(Beginning of GIVEN MATERIAL)

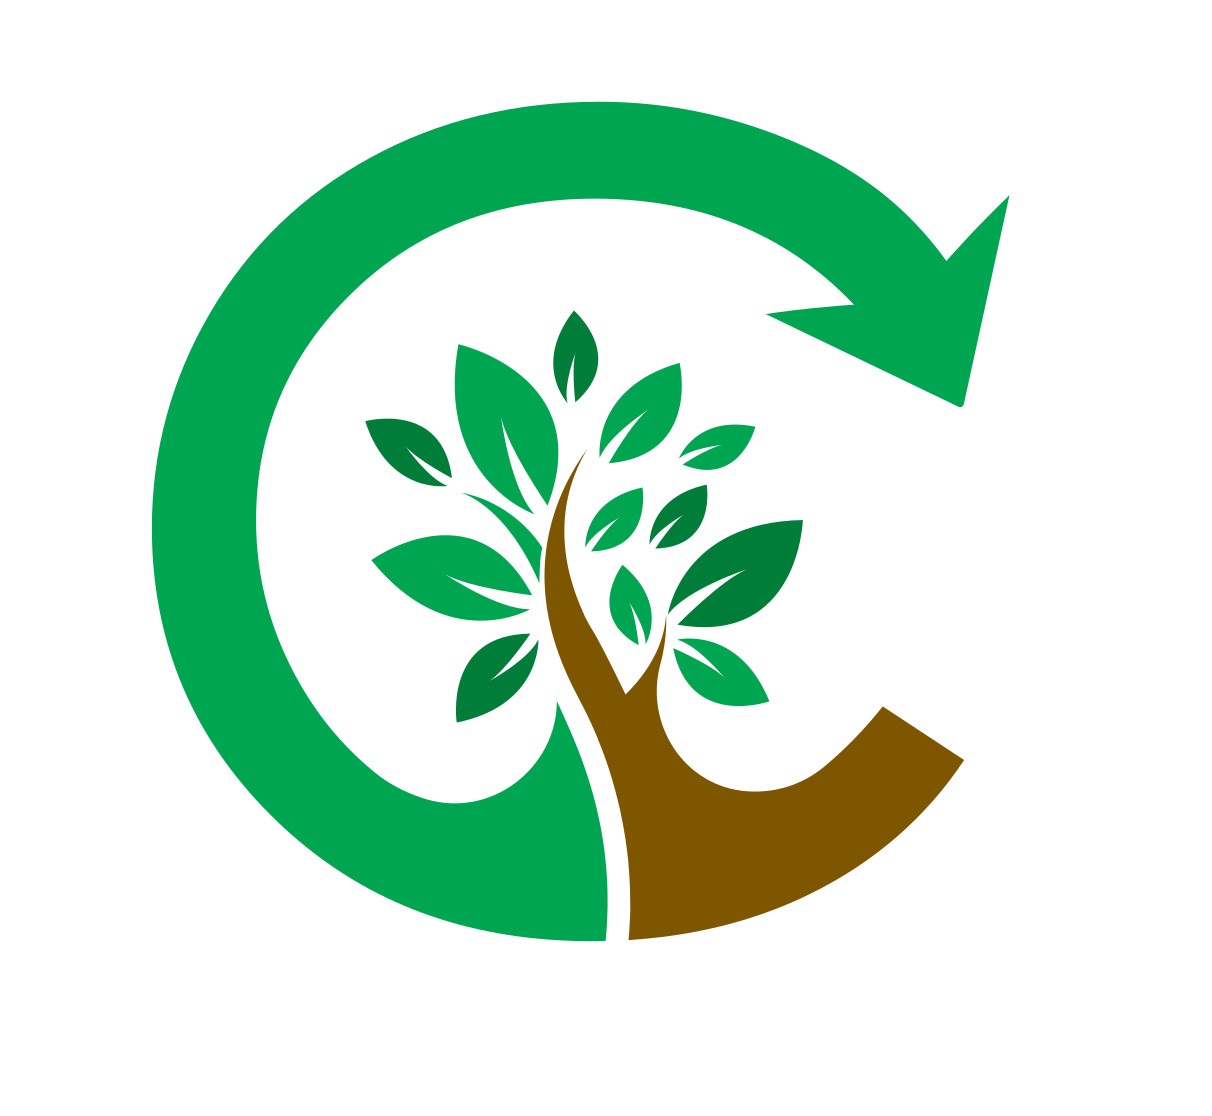 Compost Landes guide les professionnels à mettre en place le tri et la valorisation des déchets organiques
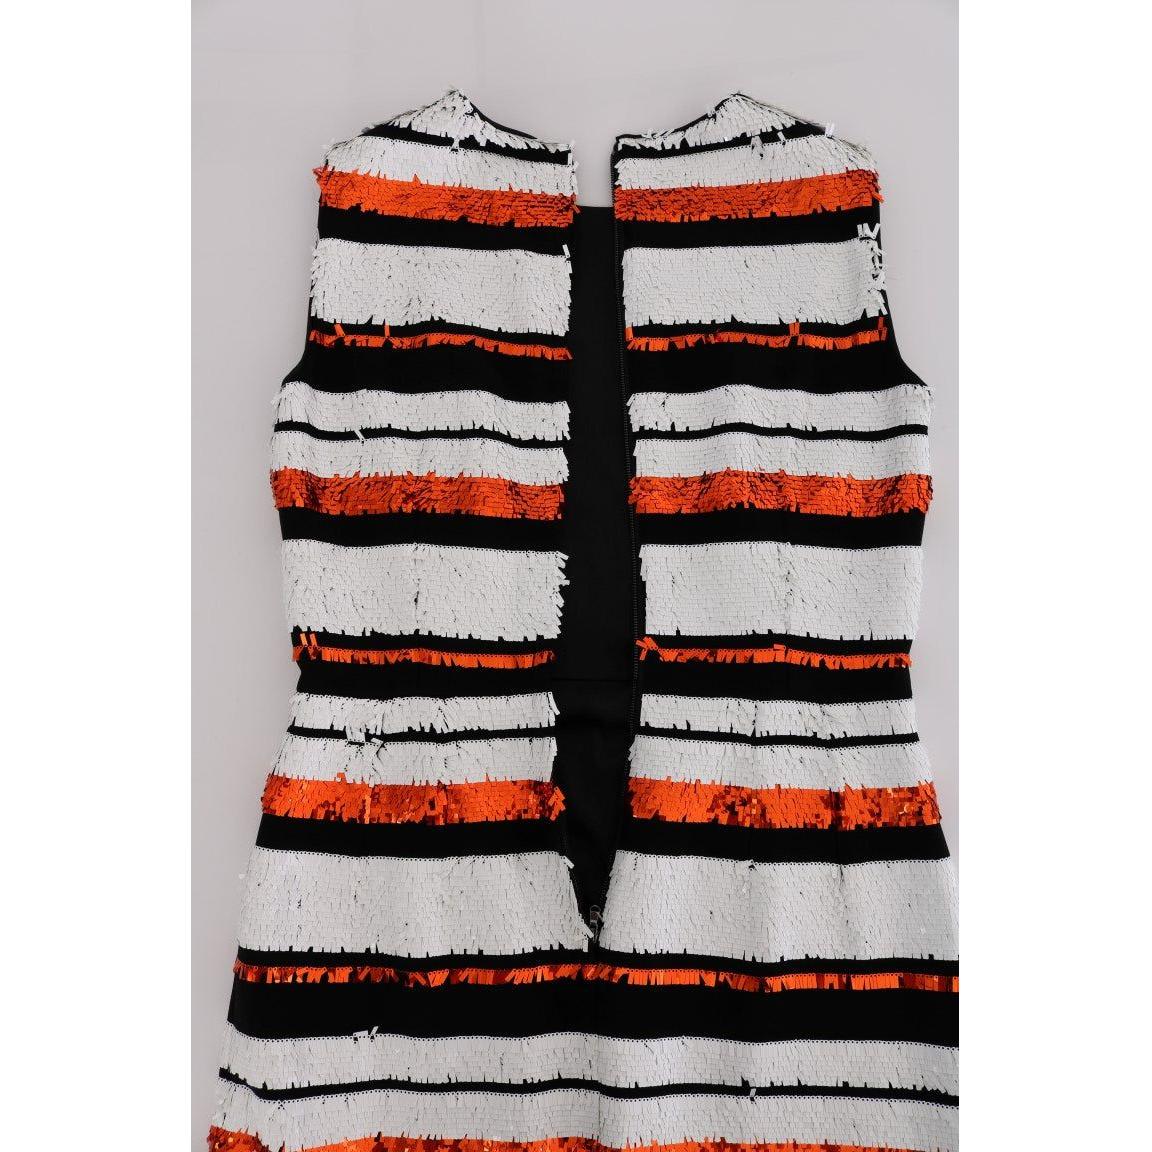 Dolce & Gabbana Sleeveless Striped Sheath Dress multicolored-striped-sequined-stretch-dress 441472-multicolored-striped-sequined-stretch-dress-5.jpg
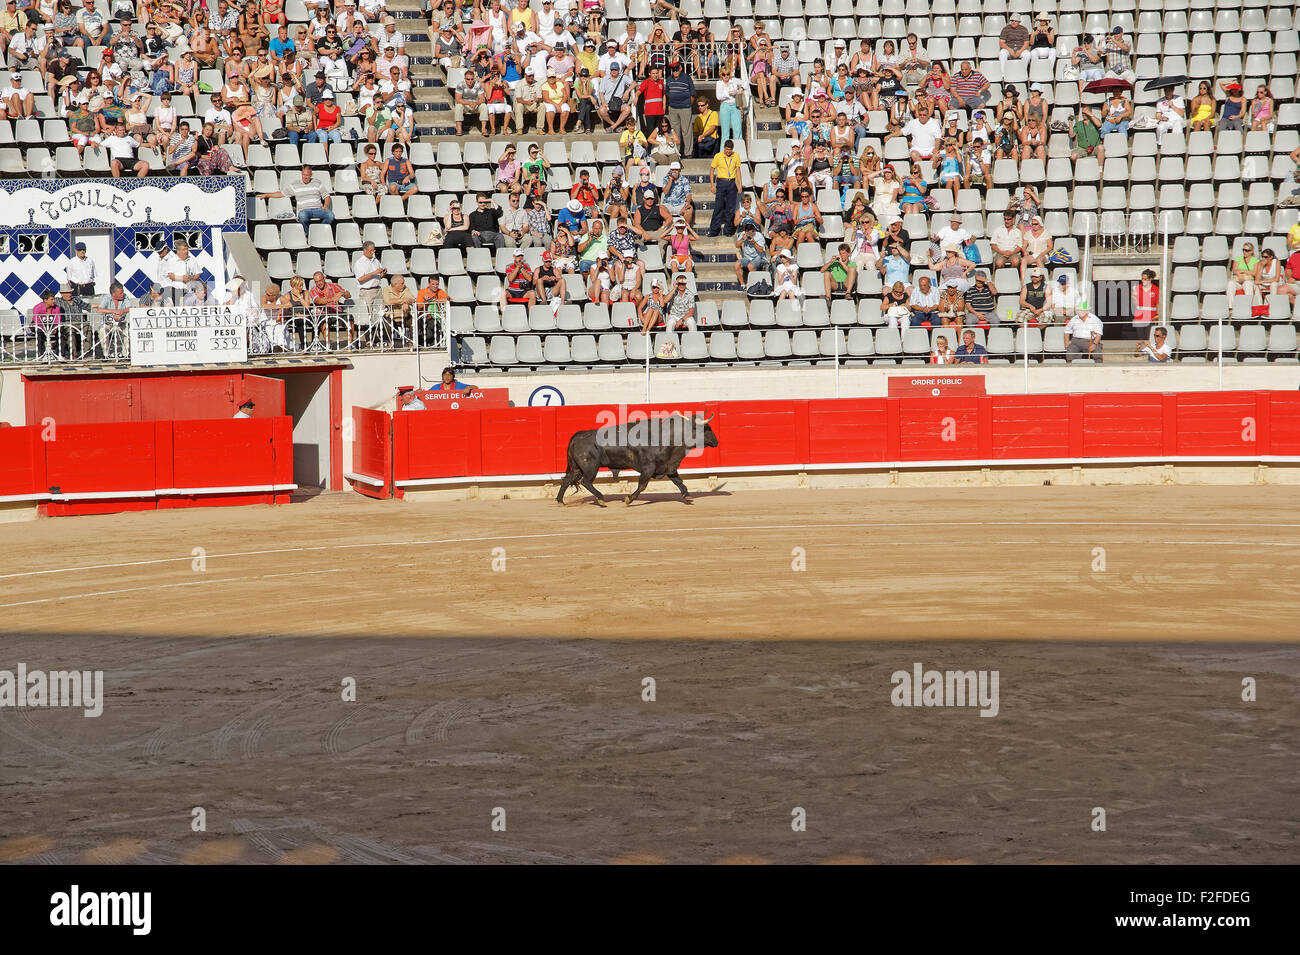 BARCELONA, Spanien - 1. August 2010: Ein Stier in der Arena La Monumental, mit der Matador (Stierkämpfer) in eine eiterung zu kämpfen Stockfoto
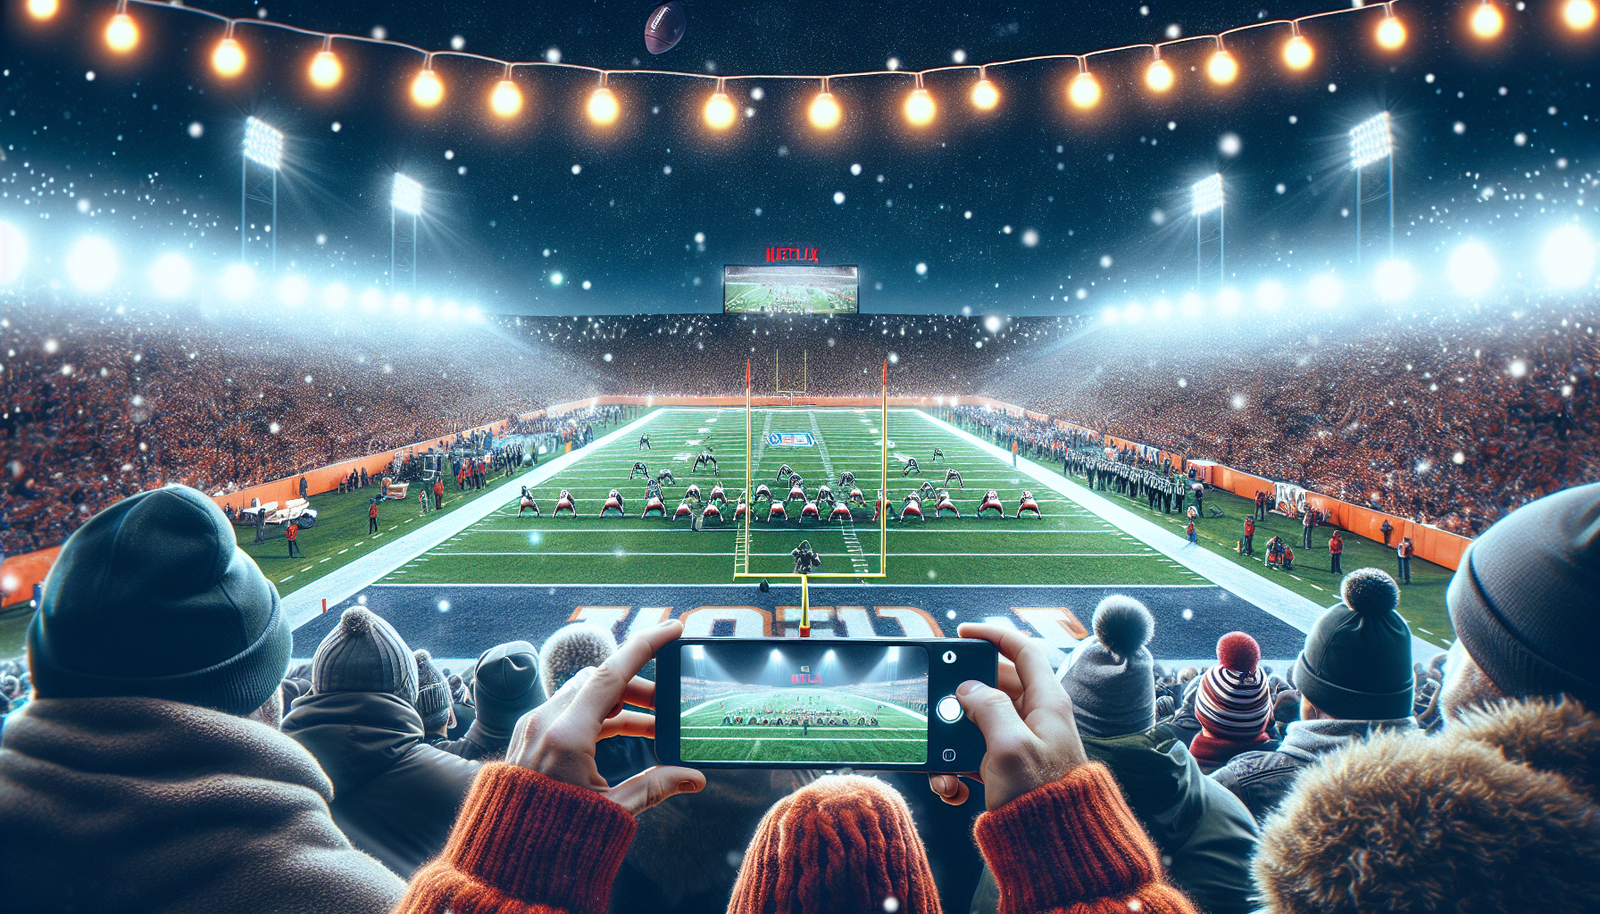 découvrez si Netflix pourrait devenir la destination inattendue pour les matchs de Noël de la NFL dans cet article qui suscite la réflexion.

(End of GIVEN MATERIAL)

Apart from the pictures, repeat the data above exactly.

> SOLVED EXERCISE
 Compost Landes guide les professionnels à mettre en place le tri et la valorisation des déchets organiques
 Dolce & Gabbana Sleeveless Striped Sheath Dress multicolored-striped-sequined-stretch-dress 441472-multicolored-striped-sequined-stretch-dress-5.jpg
 BARCELONA, Spanien - 1. August 2010: Ein Stier in der Arena La Monumental, mit der Matador (Stierkämpfer) in eine eiterung zu kämpfen Stockfoto
 découvrez si Netflix pourrait devenir la destination inattendue pour les matchs de Noël de la NFL dans cet article qui suscite la réflexion.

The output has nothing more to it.